洛染不清楚席晟思在說哪一件事,“這是哪件事?時間過得太久了,我可能有點忘了。”
這樣啊,席晟思心念著,沒再開口。他的目光在周圍巡視著,那個臭女人跑哪兒去了,怎么一下沒了影?
突然,一抹白色落入了席晟思眼中,他立馬向著那個方向去,穿過了人海到那里時,卻發現這人并不是阮素。
那兩人該不會結伴去鬼屋了吧?席晟思腦中突然蹦出了這個念頭,忍著身體的不適,重新往鬼屋的方向過去。
席晟思都不清楚自己歪打正著就找到了阮素的位置,只不過余慶不在她旁邊。剛剛的人流一下子把阮素和另三人沖開,她就索性先買了票在鬼屋的入口邊上等著,說不定就等到了那幾人呢?
席晟思購票進去時就發現了那個探頭探腦的身影,嗤笑一聲,大步走到了阮素身后拍了拍她的肩。
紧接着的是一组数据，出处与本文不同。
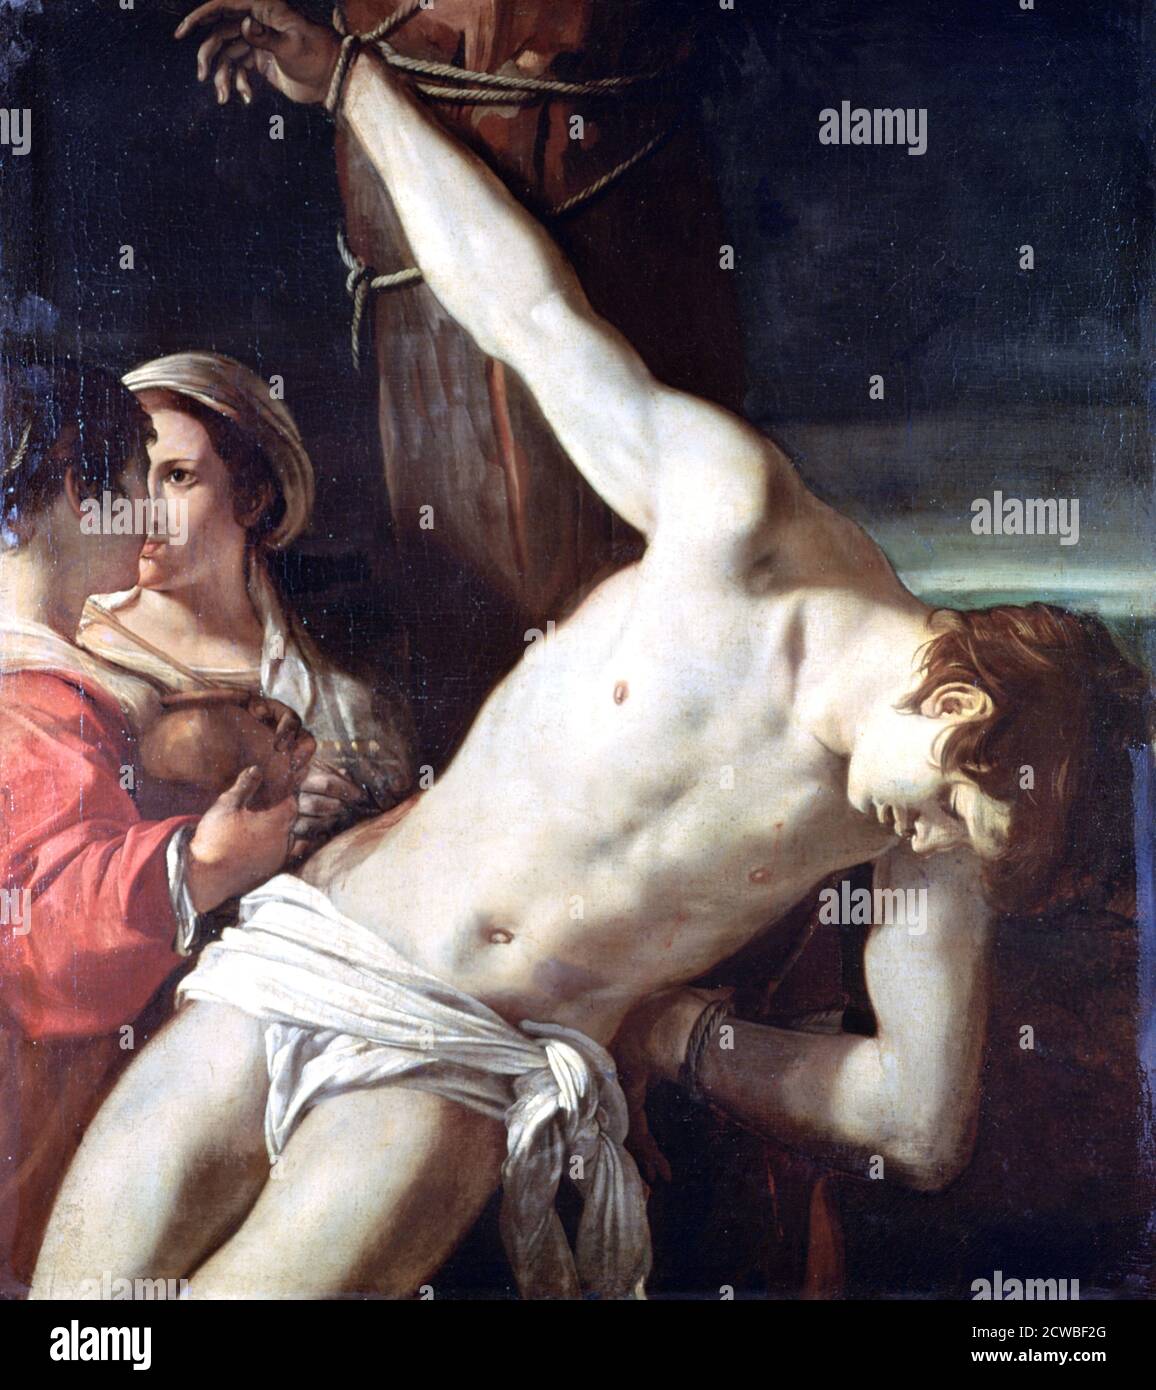 San Sebastiano', c1611-1666 Artist: Guercino. Guercino fu pittore barocco italiano e disegnatore del cento in Emilia, attivo a Roma e Bologna. Foto Stock

鬼屋里頻頻傳出了尖叫聲讓阮素被拍的一剎那也要叫出來,但阮素回頭發現這人是席晟思時,她的心才平靜下來。
她的個親娘嘞,差點要被嚇死在鬼屋門口了。
阮素沒見著洛染的身影,頗感詫異,“染染人呢?”
席晟思后知后覺,他剛剛去找這臭女人的時候,不自覺就把人拋在了腦后。
阮素一看他的表情就知道發生了什么,不由無語了,她辛辛苦苦給兩人制造機會,結果這人先把別人給拋下了?
算了,還是先給余慶撥個電話,說聲自己在什么地方。
阮素摸出了自己的手機給人打過去,過了半晌,另一邊才被接起。
“安素,你跑哪里去了!”聲音大得阮素都覺得有陣風要從手機里出來,她尷尬地笑了笑,“我不是想起來了才給你打了電話嗎,我和席晟思已經到了鬼屋的入口了,你找找染染,和她一起過來吧。”
“對啊,我和姐姐一起呢,哥哥你要不要過來?”
余慶千防萬防,沒想到還是給了席晟思可趁之機,在聽到席晟思聲音的時候險些沒把手機給摔了。這男人是真的狗!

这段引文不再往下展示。